Hi guys I hope someone can give me a solution or an idea on how to handle this situation 

Basically if had a refusal dated in February 2017. The refusal was for a spouse visa I am the sponsor and my husband was the applicant. We have not appealed but are planning to submit a new application in the next two months.

I used my bank account to pay for the application and Ihs fee... I was told it would take three months to receive my refund.

After three months no refund i rang home office I gave them my ihs reference number the women said she has put a request for me she told me to wait a further three months and to not contact them In this time.

It has been a further three months and no refund i have been waiting a total of six months I wrote an email cmplainig but had an automated reply saying it can't be handled as it's an application outside the UK.

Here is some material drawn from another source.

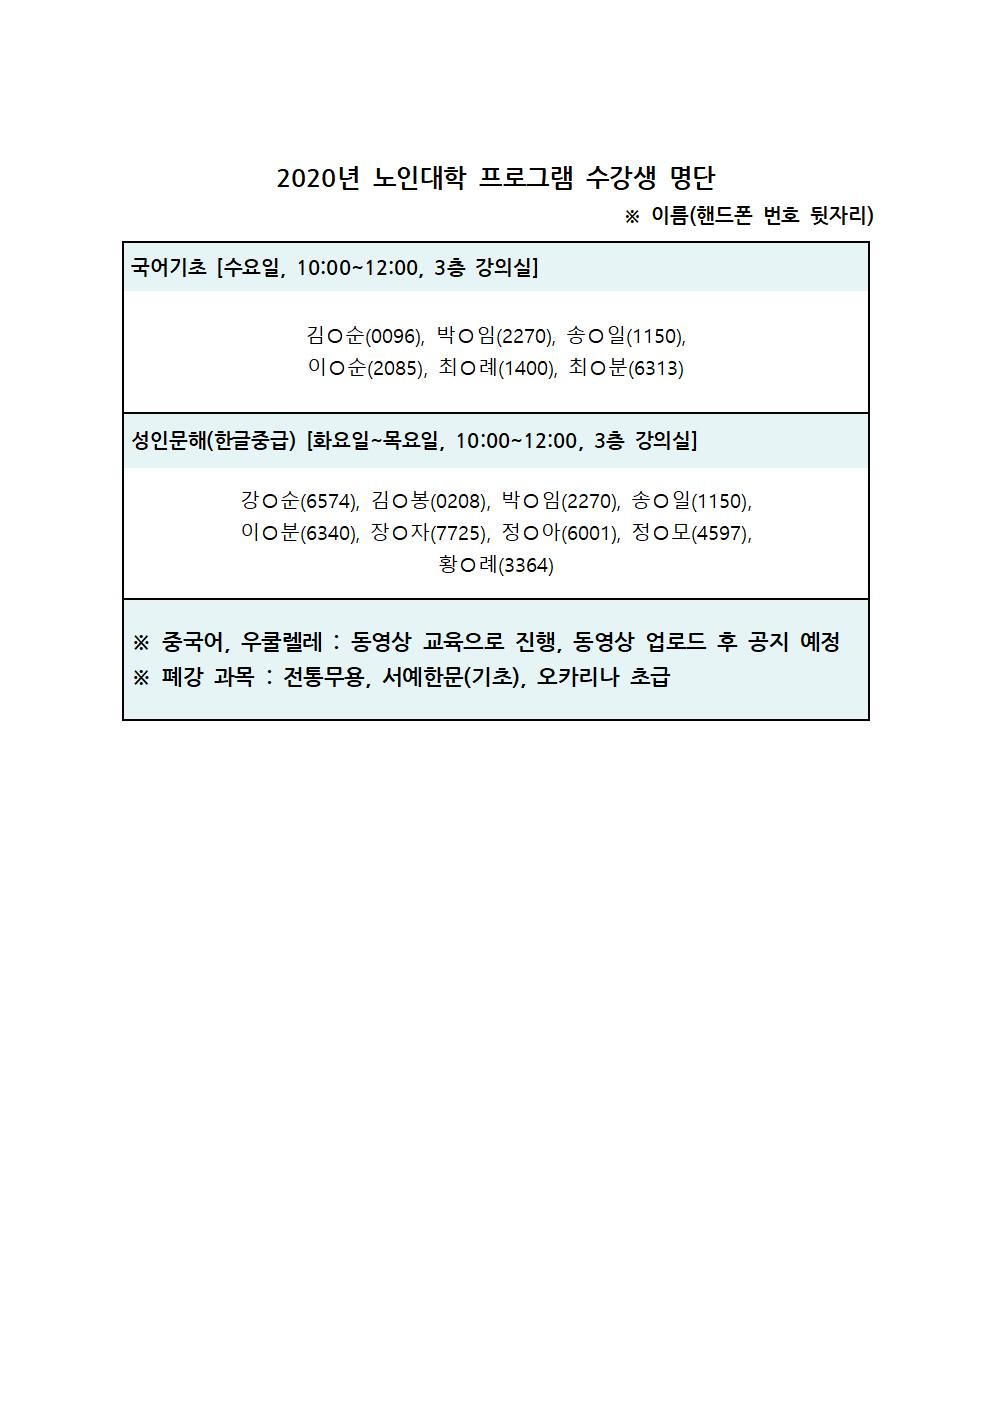 2020년 노인대학 프로그램 수강생 명단(공지용)004.jpg
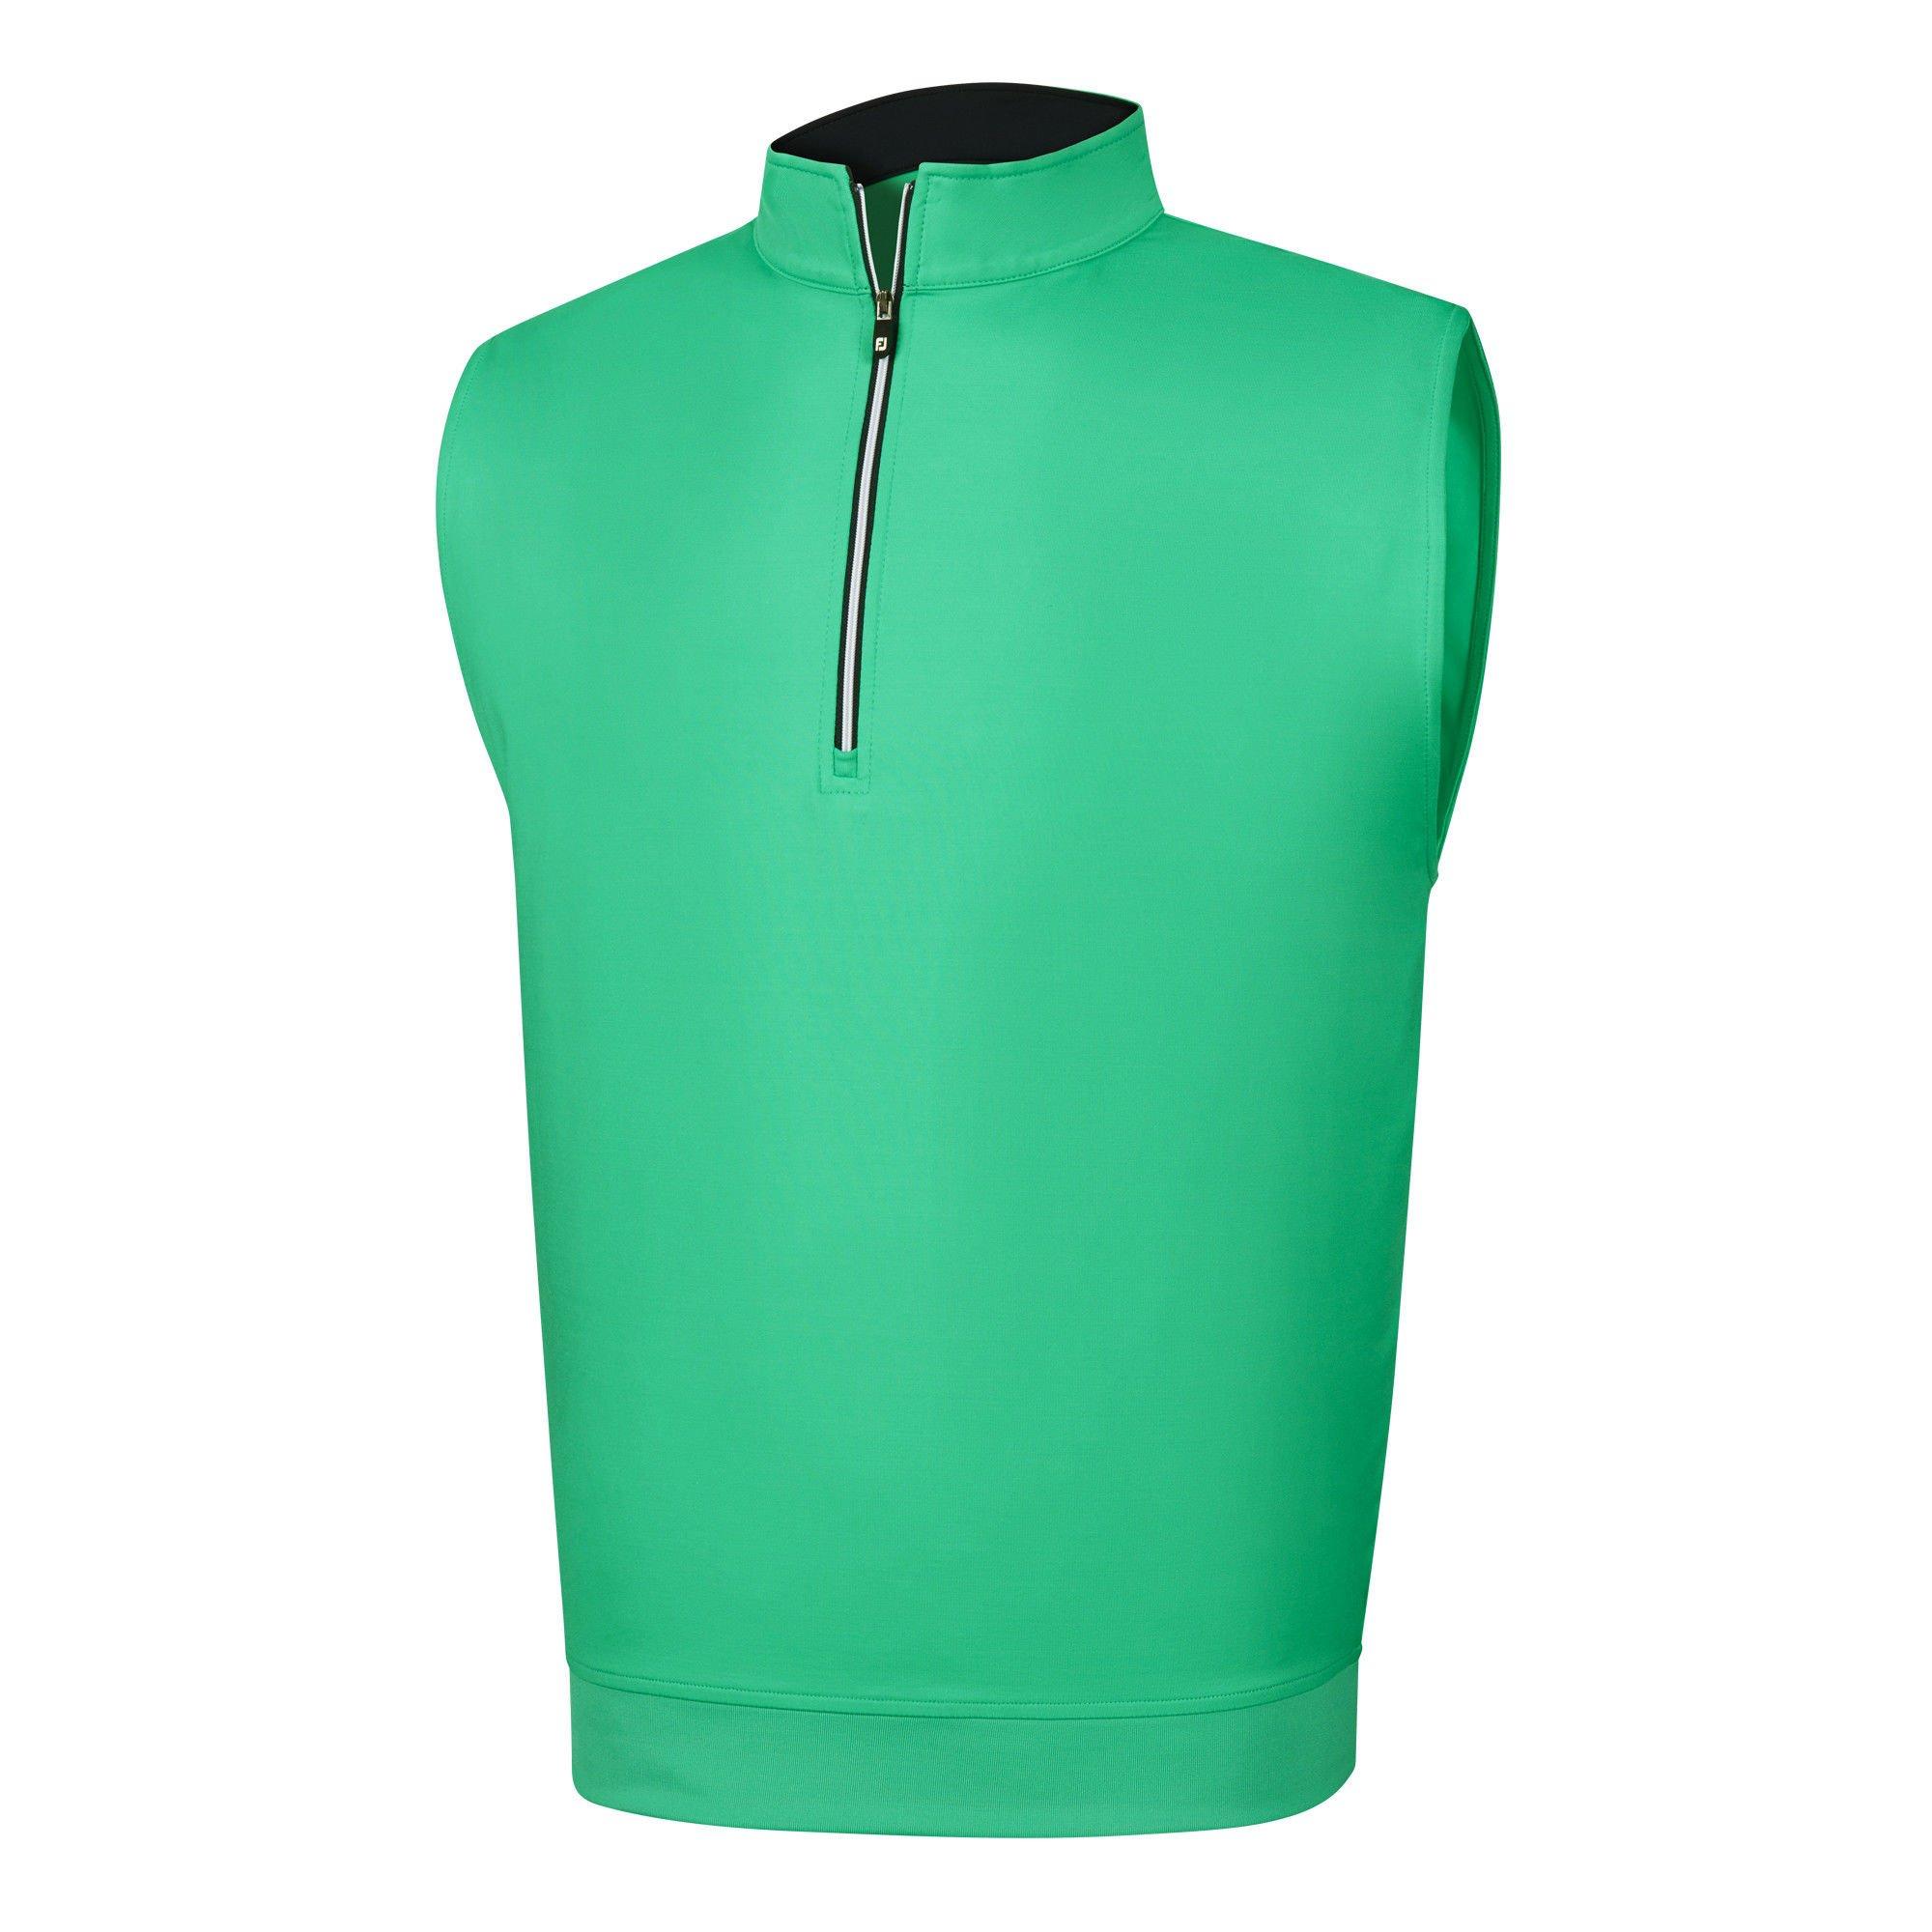 FootJoy Half-Zip Jersey Vest

I feel very stuck.. I'm really unsure of how I can get this money which is owed to me back.. I would really like it before I put on my new application again. I will ring the number again next week if I have not recieved it by then 

But is there anyone who has experience this. What's the best action for me to take







please if anyone can help me out I will appreciate it 

Many thanks
Layla


----------



## LaylaB (Apr 20, 2017)

Can anyone offer some guidance on what to do please?


----------



## Kimi2490 (Nov 8, 2012)

Sorry to hear of your situation Layla. I do not have any helpful advice, and you probably have already tried this but just in case you haven't----- https://www.gov.uk/contact-ukvi-inside-outside-uk

All the best!


----------



## LaylaB (Apr 20, 2017)

Ok thank you . I appreciate that you replied to me 

Many thanks 

Layla


----------



## Kimi2490 (Nov 8, 2012)

I would use the above link and send them an e mail as well as call that number on there. Keep badgering. That money is owed to you and you will have it back!


----------



## LaylaB (Apr 20, 2017)

Yes I agree it's very unfair......


I'm just worried that I might receive it after I put on my second application... 

which will put me into panic mode when I see the money gone into my account as I wil be filled with anixety unsure whether it is money due to me from my last application or if my new application has been refused and the ihs money has been refunded.!


----------



## i.need.help (Nov 20, 2014)

LaylaB said:


> Yes I agree it's very unfair......
> 
> 
> I'm just worried that I might receive it after I put on my second application...
> ...


Why don't you ask your solicitor, since you're using one? Maybe when people receive refunds, it shows the IHS ref on bank statements/online. So you maybe able to compare the two references.

Ask your local MP contact the home office?


----------



## j4v3d (Feb 12, 2017)

LaylaB said:


> Yes I agree it's very unfair......
> 
> 
> I'm just worried that I might receive it after I put on my second application...
> ...


Get the local MP involved - make sure that payment you made is refunded back to you.


----------